Вероника Степановна кивнула. Тут же в комнате откуда ни возьмись появилась Люба, лицо ее сияло, видимо, она слышала каждое слово, произнесенное мужем и свекровью.
— Наконец-то вы приняли верное решение, — довольным голосом произнесла Люба, — теперь все будут счастливы.
Вероника Степановна промолчала. Когда сын с невесткой вышли из ее комнаты, она приложила носовой платок к лицу: слезы непроизвольно текли по ее щекам, сил сопротивляться им не было. Хотелось просто лечь и умереть, чтобы не чувствовать себя больше такой одинокой и лишней.
Подготовка к переезду продлилась несколько дней.
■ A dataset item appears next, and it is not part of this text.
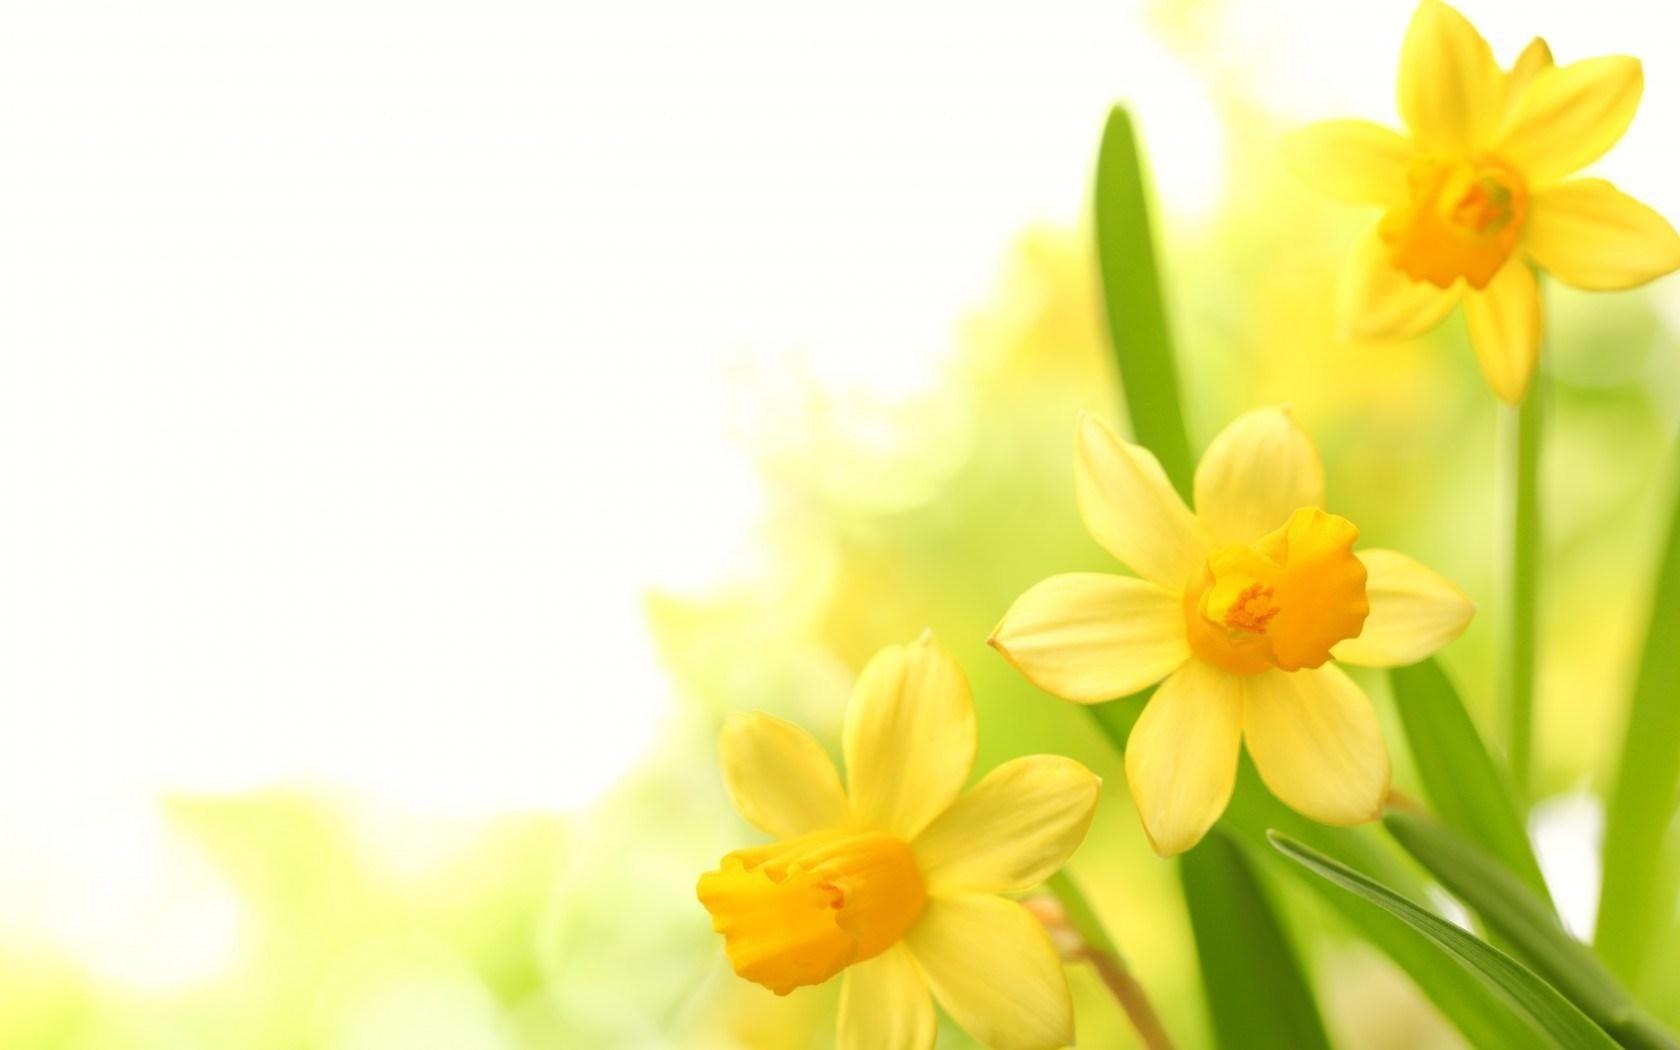 Good Yellow Flower Wallpaper Rose Flower Wallpaper Daffodil Flower Daffodils

Борис с большим энтузиазмом занимался вопросом определения матери в платный пансионат для престарелых, каждый день рассказывал Веронике Степановне о том, в какое замечательное место она скоро попадет, как все они наконец заживут счастливой и беззаботной жизнью. Мать молча кивала, надеясь на то, что хотя бы сын будет и в самом деле счастлив, и пусть ценой его счастья будет жизнь матери в богом забытом месте.
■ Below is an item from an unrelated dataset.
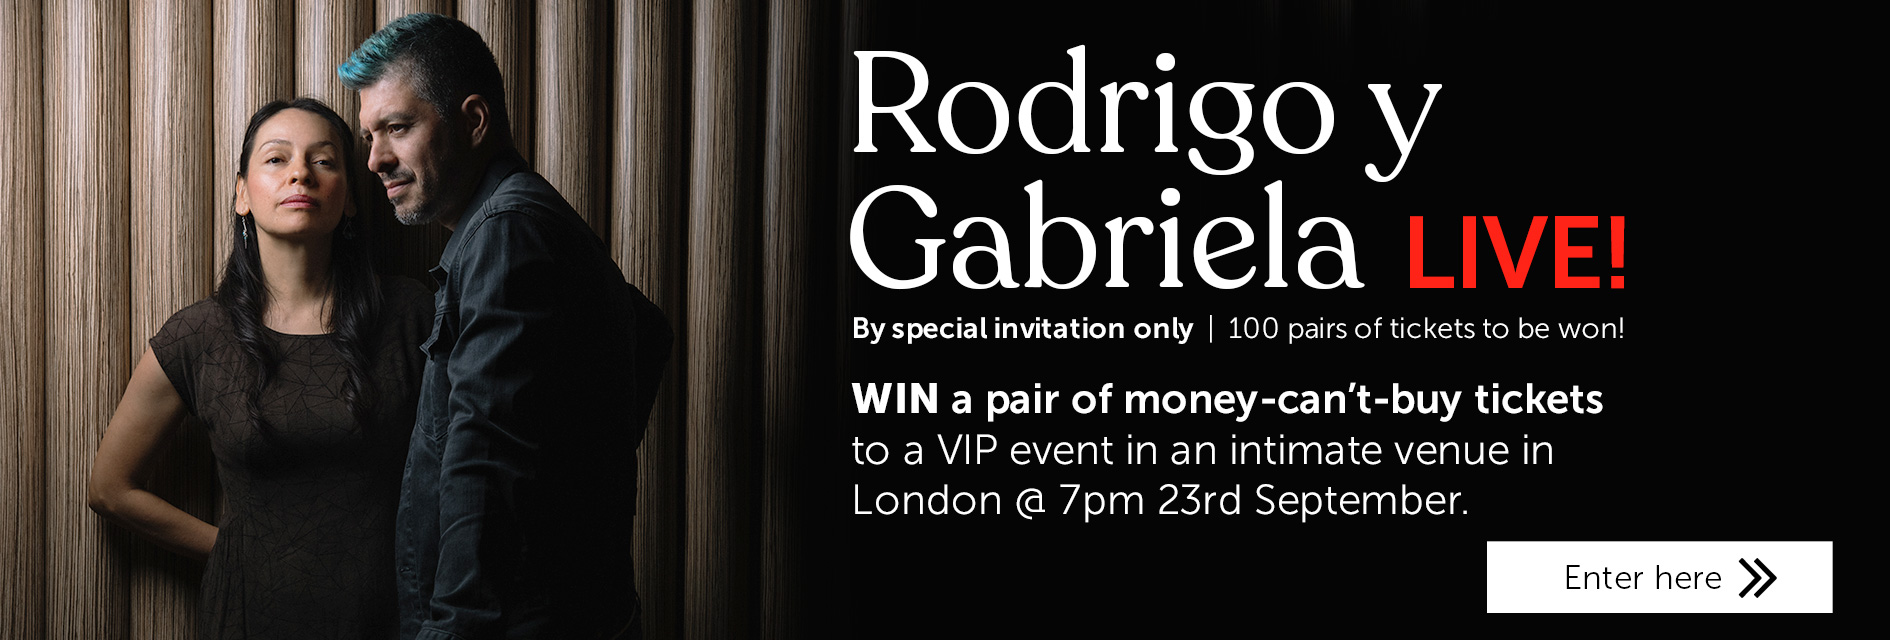 Win tickets to see Rodrigo y Gabriela live

Ложась каждый вечер спать, Вероника Степановна представляла себе свое будущее: маленькую комнатку-клетушку, злых медсестер, неуважительно относящихся к постояльцам, стариков, умирающих каждый день или обсуждающих свою смерть, запах болезней и лекарств, невозможность увидеться с сыном… Все это казалось кошмаром наяву, который вот-вот накроет несчастную женщину с головой.
— Вещи собрала, мам? — спросил Борис за день до отъезда, и Вероника Степановна поняла, что пути назад точно не будет. Если до этого внутри у нее еще теплилась надежда на то, что сын передумает, проявит жалость и решит оставить мать рядом, то теперь эти надежды растворились как шипучая таблетка в стакане воды.
— Собрала, — ответила Вероника, — а что, там много надо? Ты, если что, привезешь мне все необходимое?
Борис уверенно кивнул:
— Конечно! Ты звони мне, пиши, говори, что тебе нужно. Я все тебе доставлю в лучшем виде. Если вдруг обижать тебя будут – ты тоже сразу же мне сообщай, я все порешаю.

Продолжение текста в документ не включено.